Вечер сегодняшнего дня мог бы повторить вечер вчерашнего.
Поэтому сразу после ужина Брок взялся за изучение вакансий. От выбора разбегались глаза: металлообработка, дерево, пищевая промышленность… Нужно было выбрать подходящее ему место, взять у старшего надзирателя анкету, заполнить, сдать обратно — сделать хоть что-нибудь, дабы не сойти с ума в четырех стенах.
Лэсли и вправду сделал его неприкосновенным: за прошедшую половину месяца ему ни разу слова против не сказали. В столовой он, даже задержавшись, становился в самом начале немаленькой очереди, в одну компанию с Лэсли; раздатчица с улыбкой на лице выдавала ему добротную порцию, желала приятного аппетита. Его люди относились к нему нейтрально, если не холодно, но всегда оставляли для него место за столом, правда, теперь уже рядом с самим главарем. С Питтом Брок больше не разговаривал.
Брок больше ни с кем не разговаривал. Нельзя. Ни С Питтом, ни с остальными в их «элите», ни с другими заключенными, ни с тюремными смотрителями. Ни даже с Алексом.
На четвертый день после Того-самого-дня-Х к двери их камеры пришел надзиратель, сообщить о звонке. Брок поймал на себе тяжелый взгляд сокамерника. «Только попробуй согласиться, и я на тебе живого места не оставлю», — говорила темень в карих глазах. И дрожащим от гнева голосом он отказался. В первый и последний раз, потому как больше о звонках ему не сообщали.

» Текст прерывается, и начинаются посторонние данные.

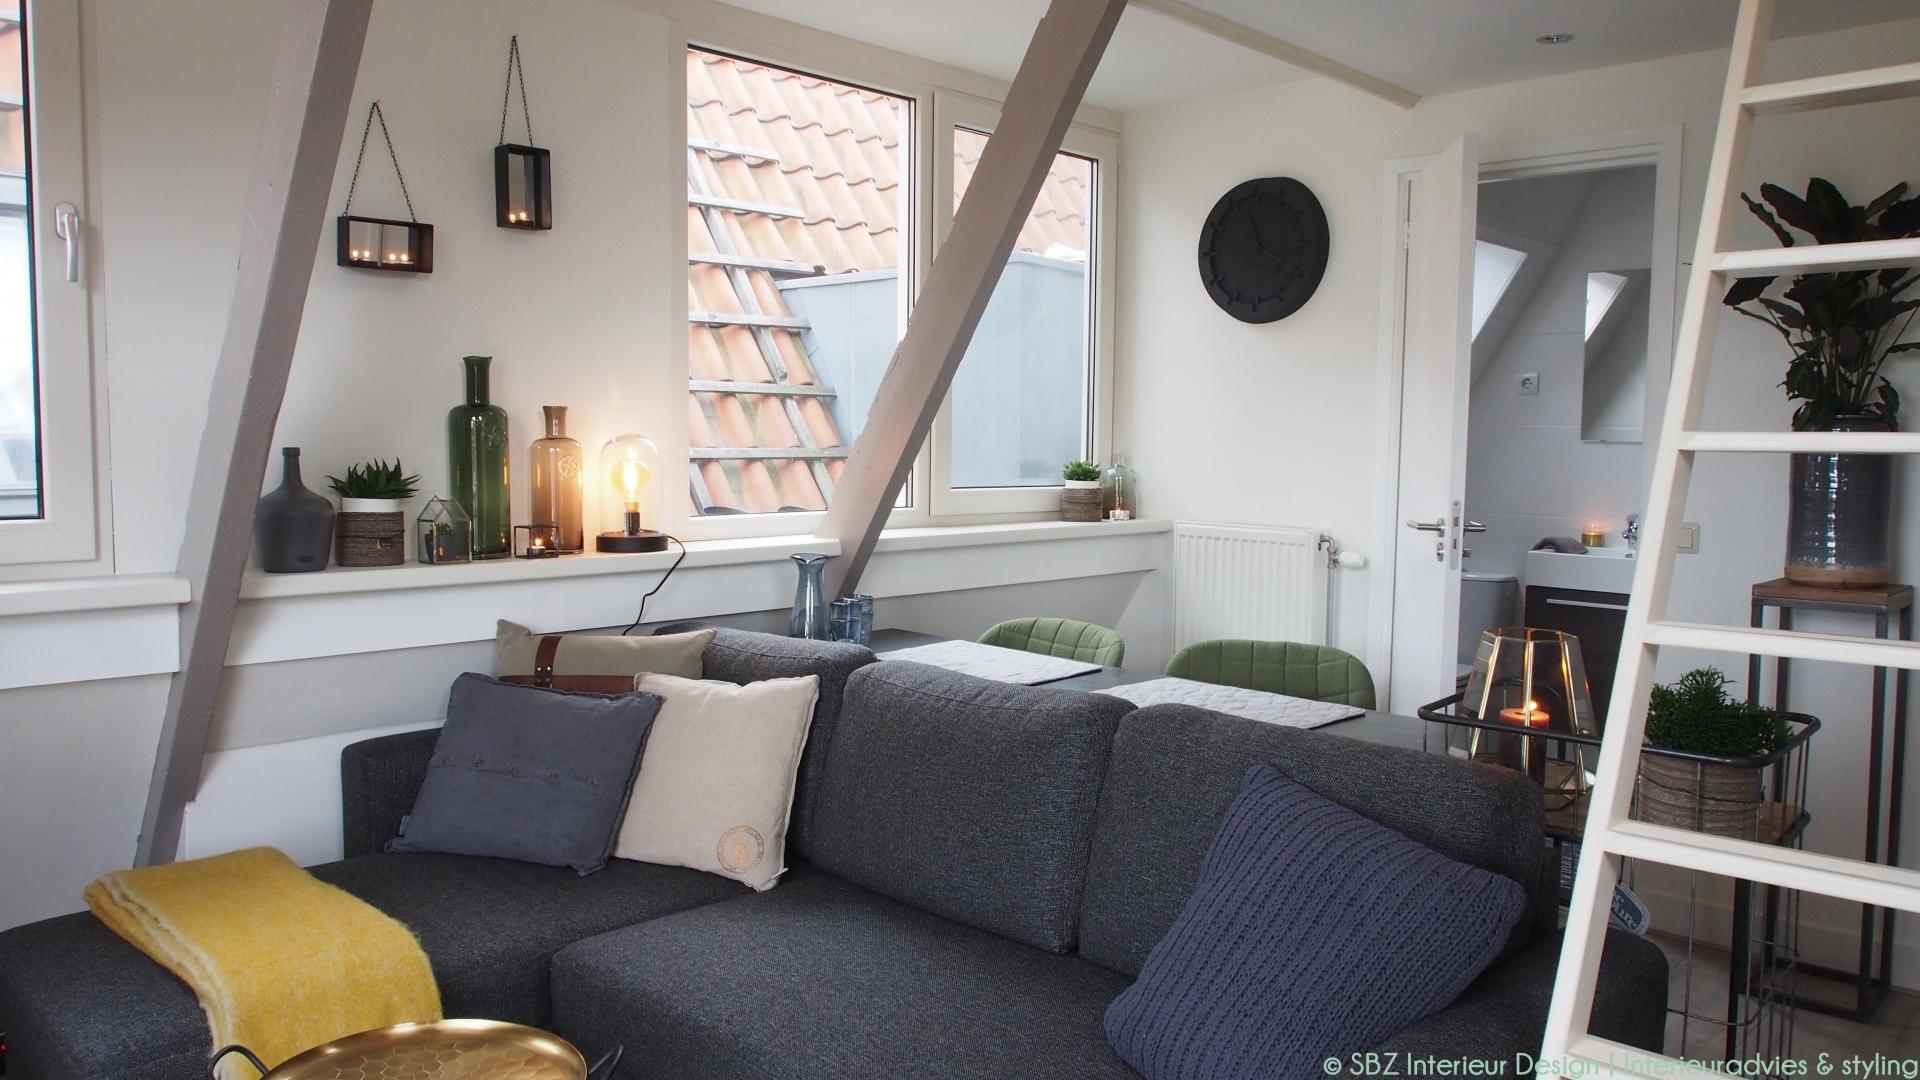 interieur 10 tips voor het inrichten van een klein huis

— Чем это ты занимаешься? — спросил только вернувшийся Лэсли.
— Ищу работу.
— Зачем? — сокамерник подошел ближе, возвысившись над сидящим за столом Броком, оглядел брошюры, бросил быстрый взгляд на самого Брока, словно в поисках намека, что все это просто вышедший из-под контроля пранк. Не нашел. Нахмурился. — Тебе нужны деньги? Я тебе их дам. Сколько?
Брок едва не задохнулся от возмущения. Лэсли, безусловно, обеспечил его хорошей защитой, непробиваемой, однако вместе с тем он заключил его в не менее крепкую золотую клетку. Брок согласился на сделку «задница в обмен на крышевание», но точно не на тотальный контроль и отсутствие хоть какой-нибудь свободы и личного пространства.

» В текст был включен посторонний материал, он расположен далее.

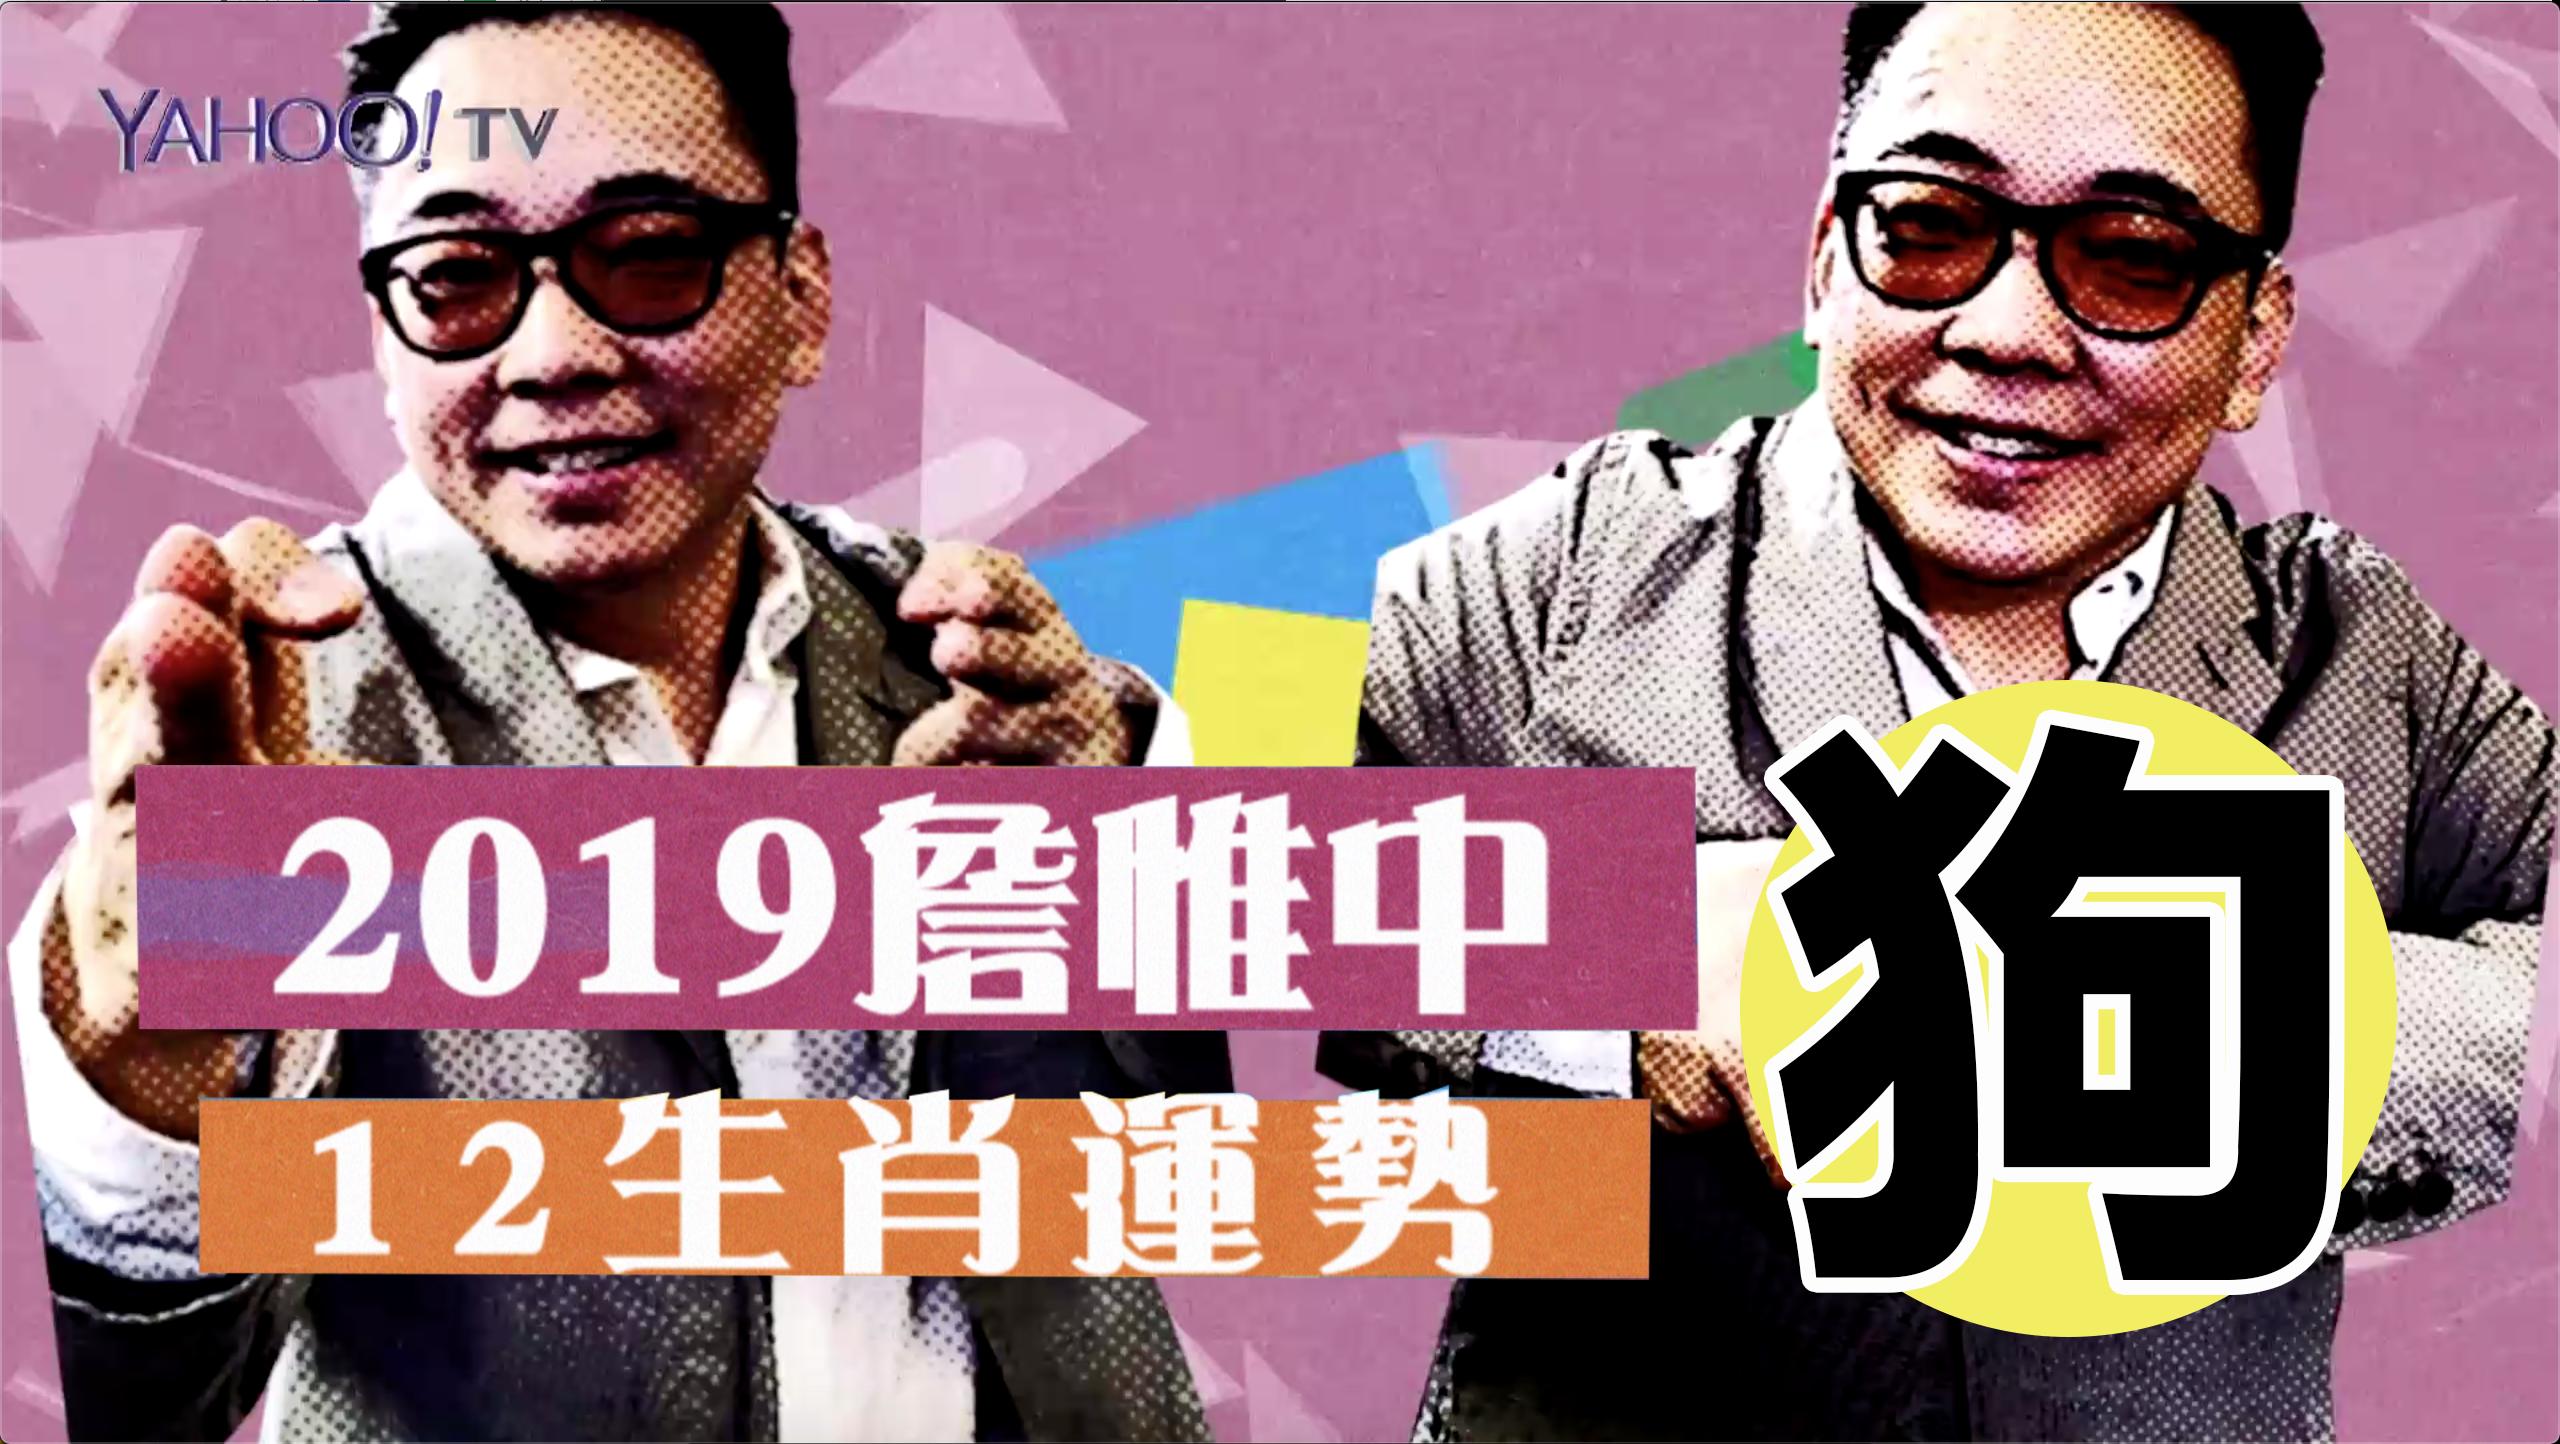 【狗】2019 流年愛情運勢 - 詹惟中生肖運勢

— Нисколько. Я буду работать.
Лэсли поменялся в лице. Непроницаемую маску равнодушия сменило ничем неприкрытое раздражение. Темные брови потянулись к переносице, у рта прорезалась мимическая морщинка. Злился. По сжатым в кулаки дрожащим рукам Брок понял, насколько. Внутренне он сжался, словно готовясь к прыжку. Если Лэсли вдруг набросится на него, он со своего места опрокинет стол, выигрывав немного времени, и достанет заточку, спрятанную в постели Лэсли — тюремщики его вещи никогда не осматривали как положено.
Но ничего подобного и в помине не произошло. Лэсли только покачал головой.

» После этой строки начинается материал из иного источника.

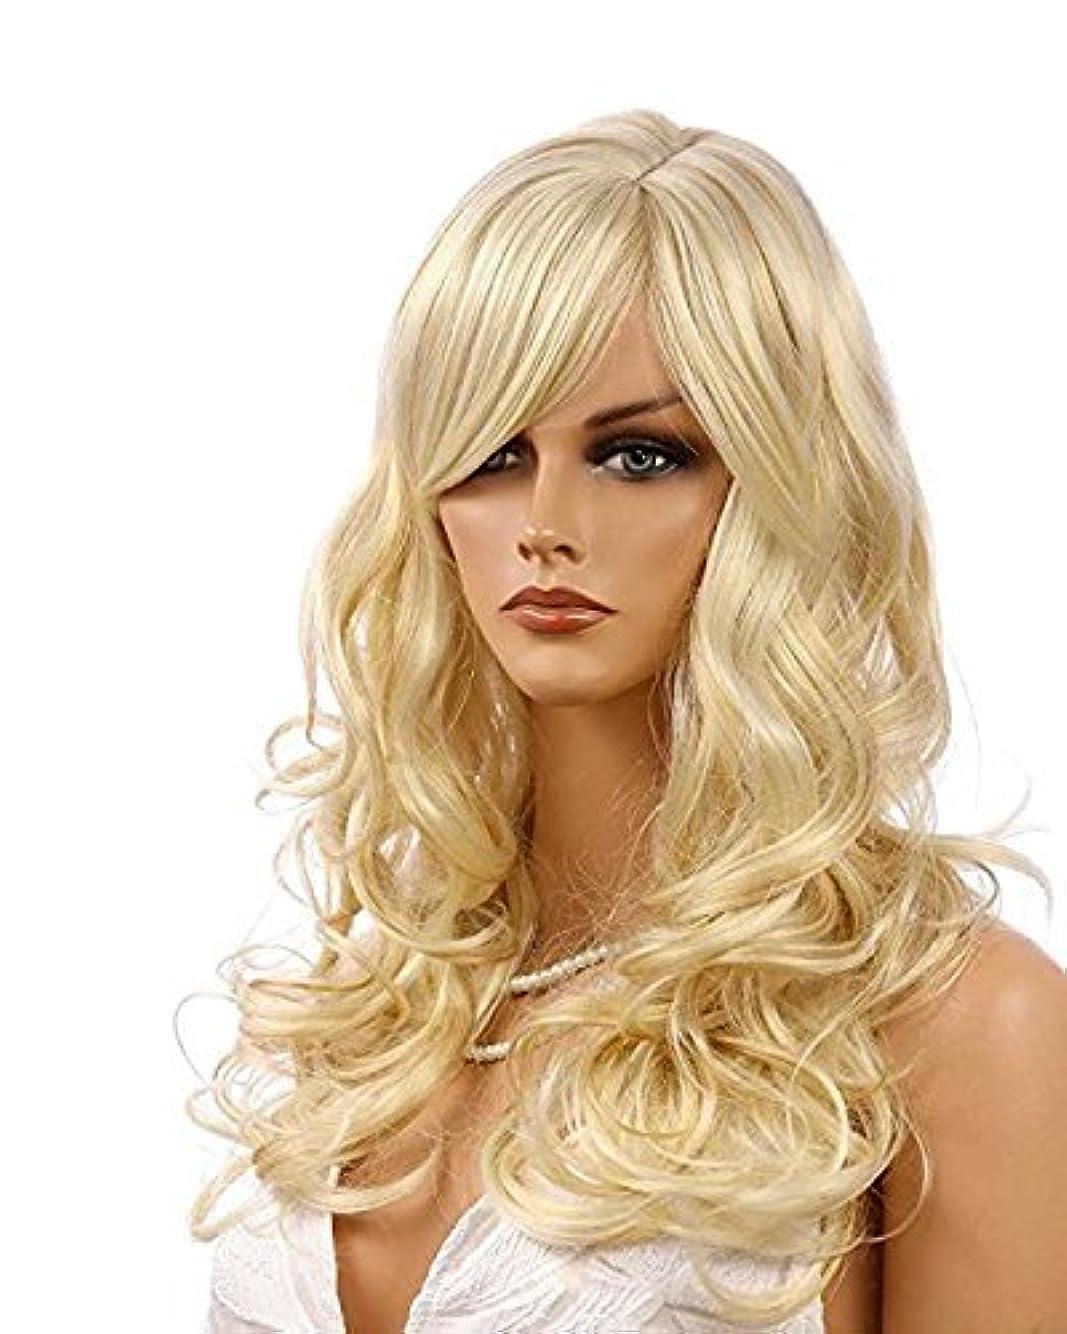 気分サイズ案件女性のウィッグコスプレコスチュームパーティーファンシードレス合成毛のブロンド女性の女の子のための長いひねりのウィッグ

— Тебя никто не возьмет, — «Я сделаю так, чтобы тебя никто не взял» на самом деле говорил он.
— Мы так не договаривались, — мы с тобой вообще не договаривались: ты лишь продиктовал удобное тебе положение вещей! В неожиданном порыве собственной злости Брок взмахнул руками, брошюра полетела на пол. Во взгляде напротив мелькнуло изумление. — Я не нанимался твоей собственностью. Хочешь долбить мужика в зад? Пожалуйста. По рукам. Тогда будь добр отъебаться от меня в остальное время суток.
— Договаривались, — спокойствию Лэсли можно было только позавидовать.
— А?
— Я с самого начала оговорил условия: я беру тебя к себе под защиту, а ты оказываешься в моем полном распоряжении, — голос хоть и звучал невозмутимо, но глаза...
Глаза его выдавали, смотрели прямо, почти что безразлично, поражая обжигающим холодом. С каждой секундой под этим взглядом в Броке крепла непонятно откуда взявшаяся уверенность: прямо сейчас смотрели не на него, а куда-то дальше, за пределы этого бессмысленного диалога, этой жалкой комнатушки, этой прогнившей тюрьмы. Лэсли был не здесь. Он продолжал сверлить его взглядом, возвышаясь над ним, но мысленно был... где-то не здесь.
Вспомнился зачем-то факт о девяти потраченных годах.
Сокамерник был сам не свой всю последнюю неделю, с той самой ночи, когда вместо того, чтобы нагнуть Брока, он заснул с ним почти что в обнимку, когда попросил поговорить с ним, когда проснулся посреди ночи от кошмара, когда до самого утра потом выкуривал сигареты одну за другой.
Каким бы крутым альфа-самцом Лэсли ни был, он оставался простым смертным.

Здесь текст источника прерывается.